Há um modo de viver que gere esta bolha de entusiasmos, falsas especialidades, efemeridade com o inexplicável? O mundo existe, está lá, é real e nós sujeitos, nos dirigimos à ele e o apreendemos, intencionalmente, com a consciência de fazer algo a que nos propomos em nossa relação com este mundo de agora, aos comportamentos usuais e aos objetos que a este mundo pertencem. E por incrível que pareça, apesar das críticas, não há nada de errado nisso. As coisas são o que são. Resta saber o quão pertinente é o nosso comportamento, quão real e consciente, e de acordo com as circunstâncias que acreditamos. Consciência essa, que nos revela a ação que abraça a nossa procura.

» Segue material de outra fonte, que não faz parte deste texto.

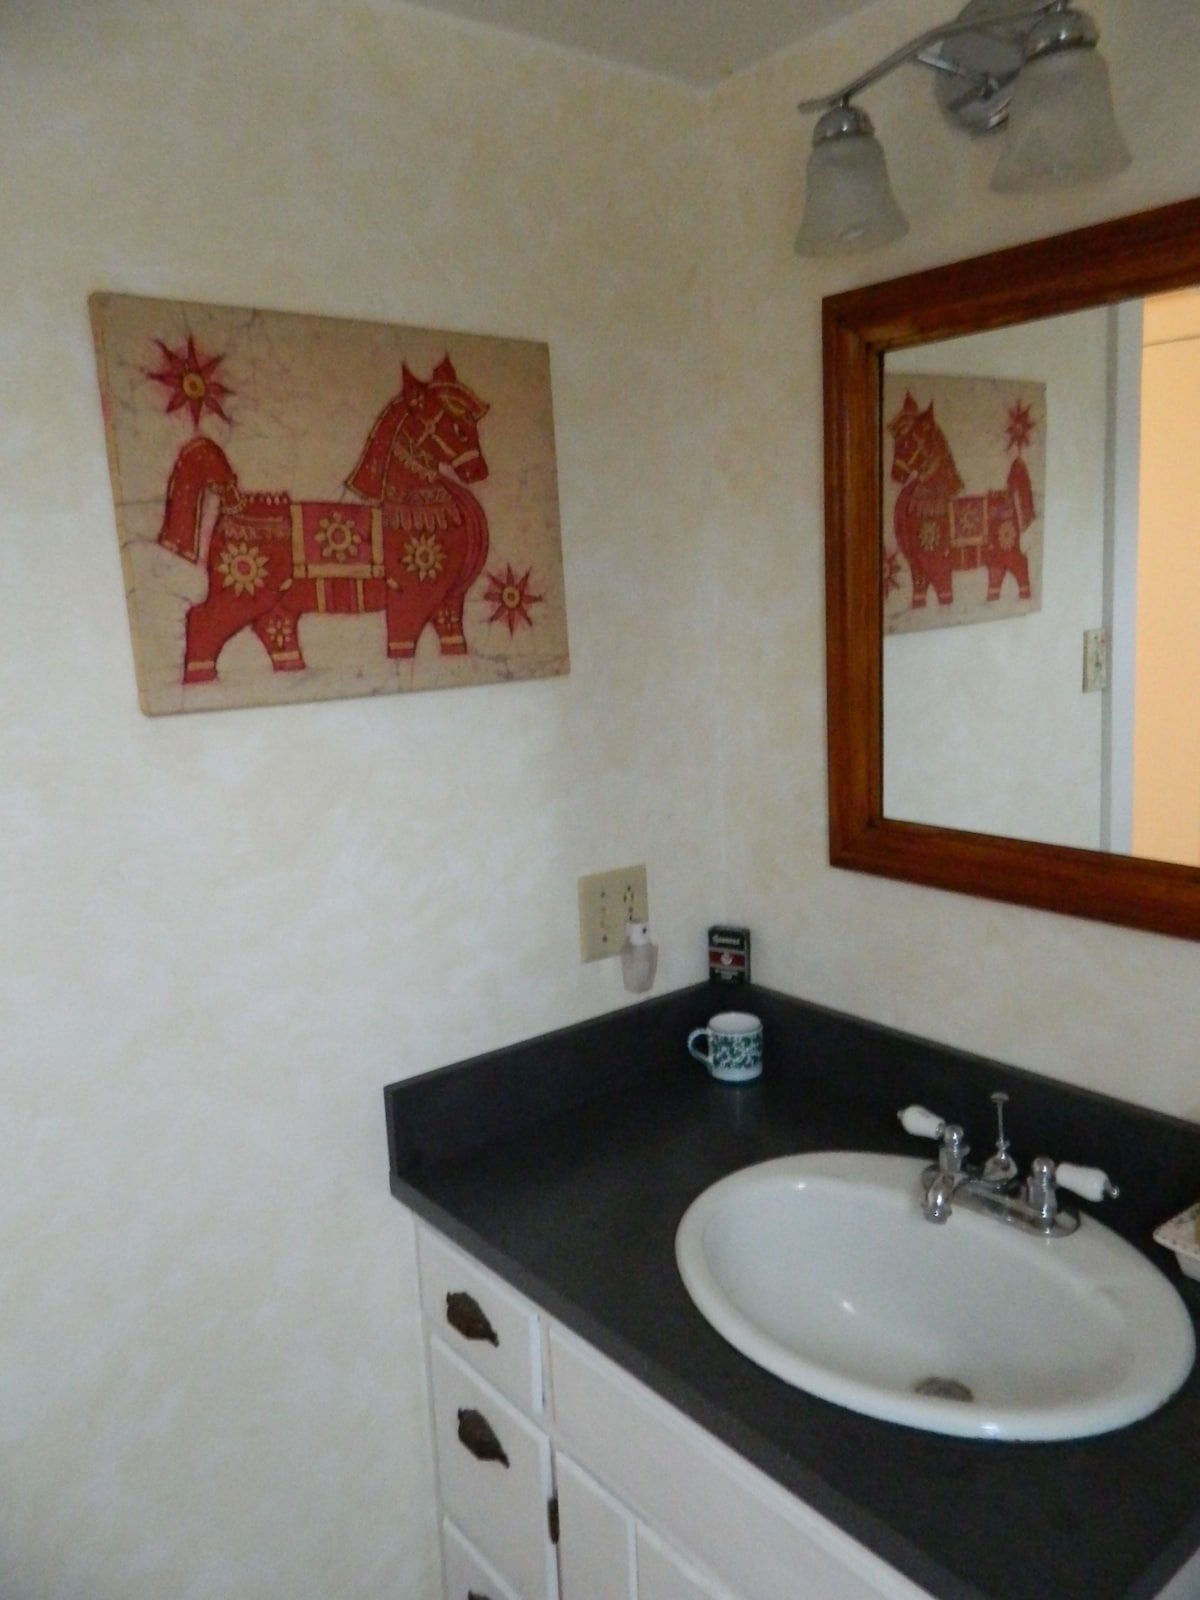 Nice tiled shower, but no tub.
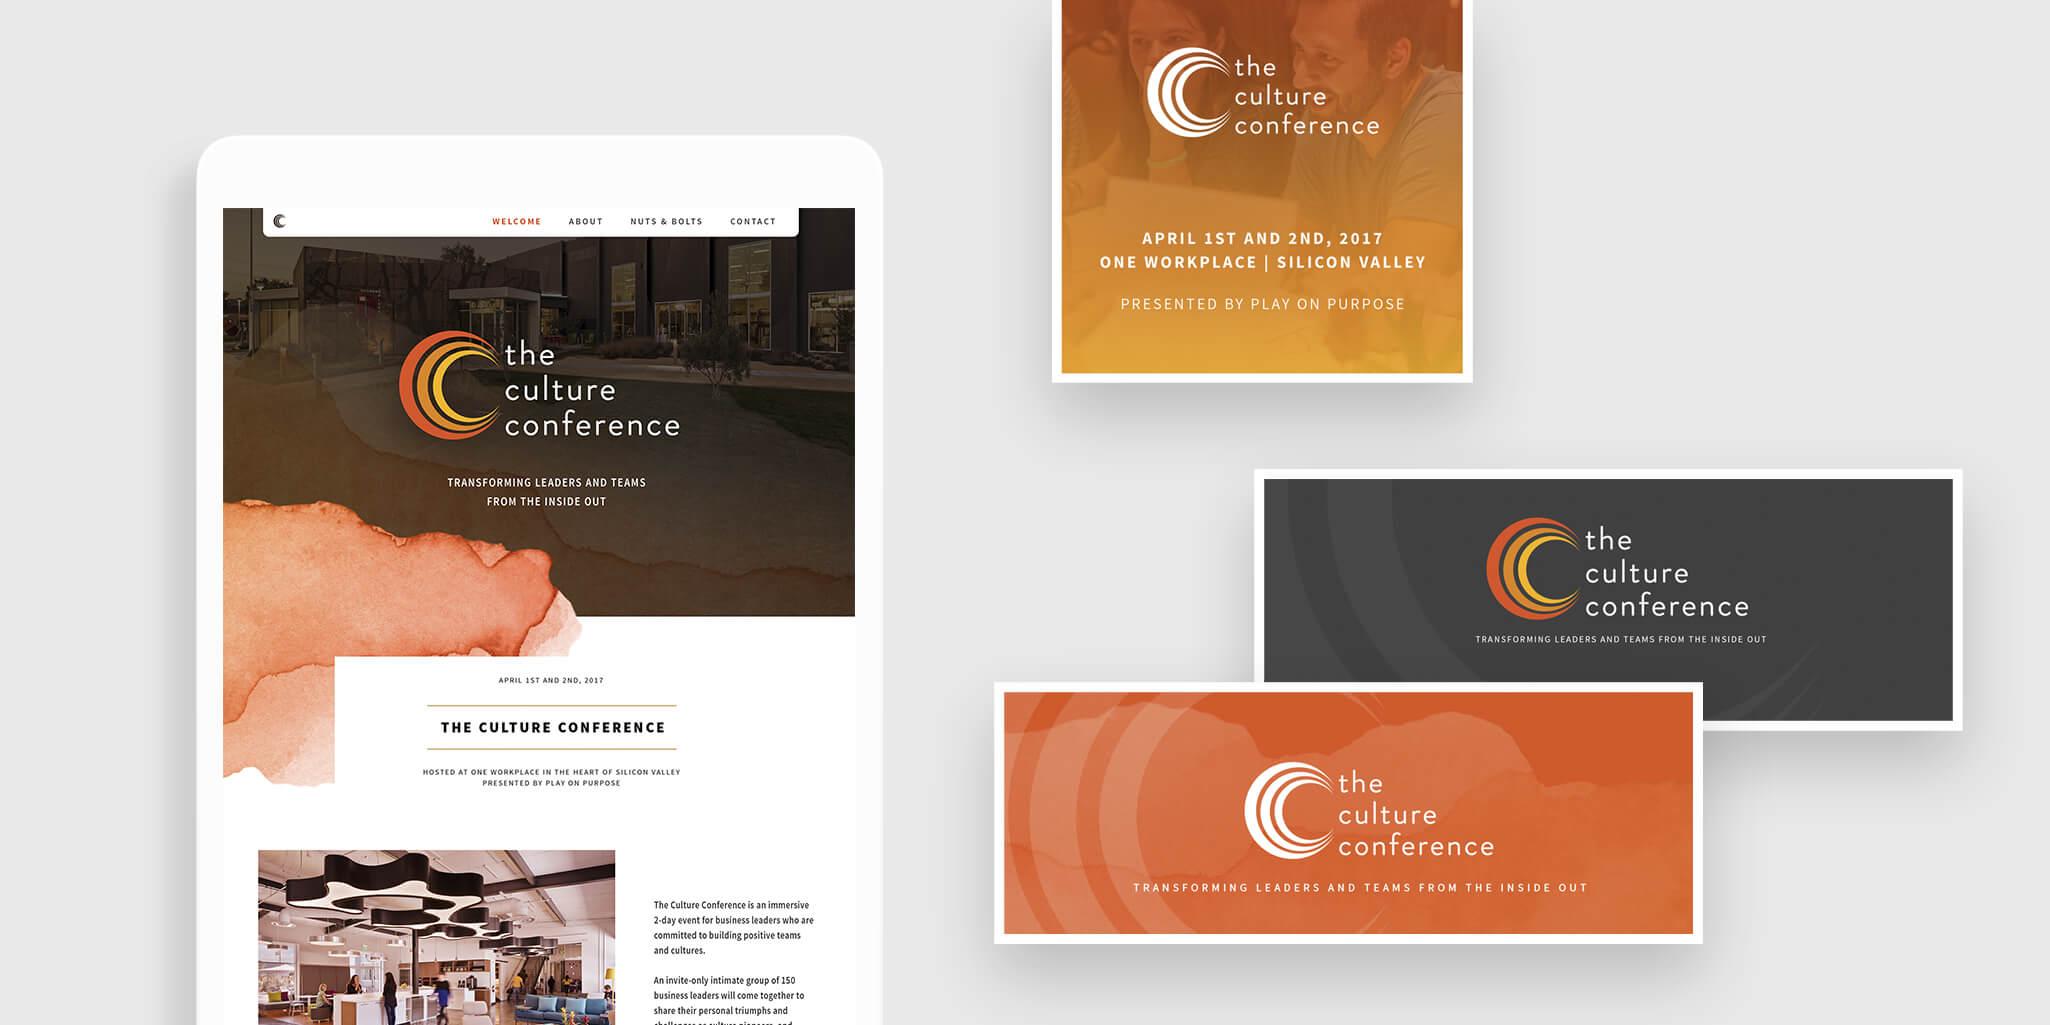 Culture Conference web mockups and social media graphics

Em tempos de alter-egos e o autoreconhecimento de sí mesmo (a tal busca do quem sou, porque estou aqui, o que quero deixar para o mundo), nos resta achar esse ponto de mutação, onde paramos de procurar e começamos a agir, de acordo com a nossa essência. O mundo compartilhado que nos é contemporâneo acaba se traduzindo por intensas intersubjetividades, onde sujeitos partilham possibilidades de comunicação, coparticipam vivências, comutam idéias, intencionalidades, crenças. O cotidiano efêmero, a dor, traumas e medos, situações “fora da caixinha da normalidade” são os temas mais valorizados (inclusive nos trabalhos autorais em fotografia que vejo atualmente, premiados, inclusive!). O quintal da nossa casa, deixou de ser apenas o quintal e virou peça de arte.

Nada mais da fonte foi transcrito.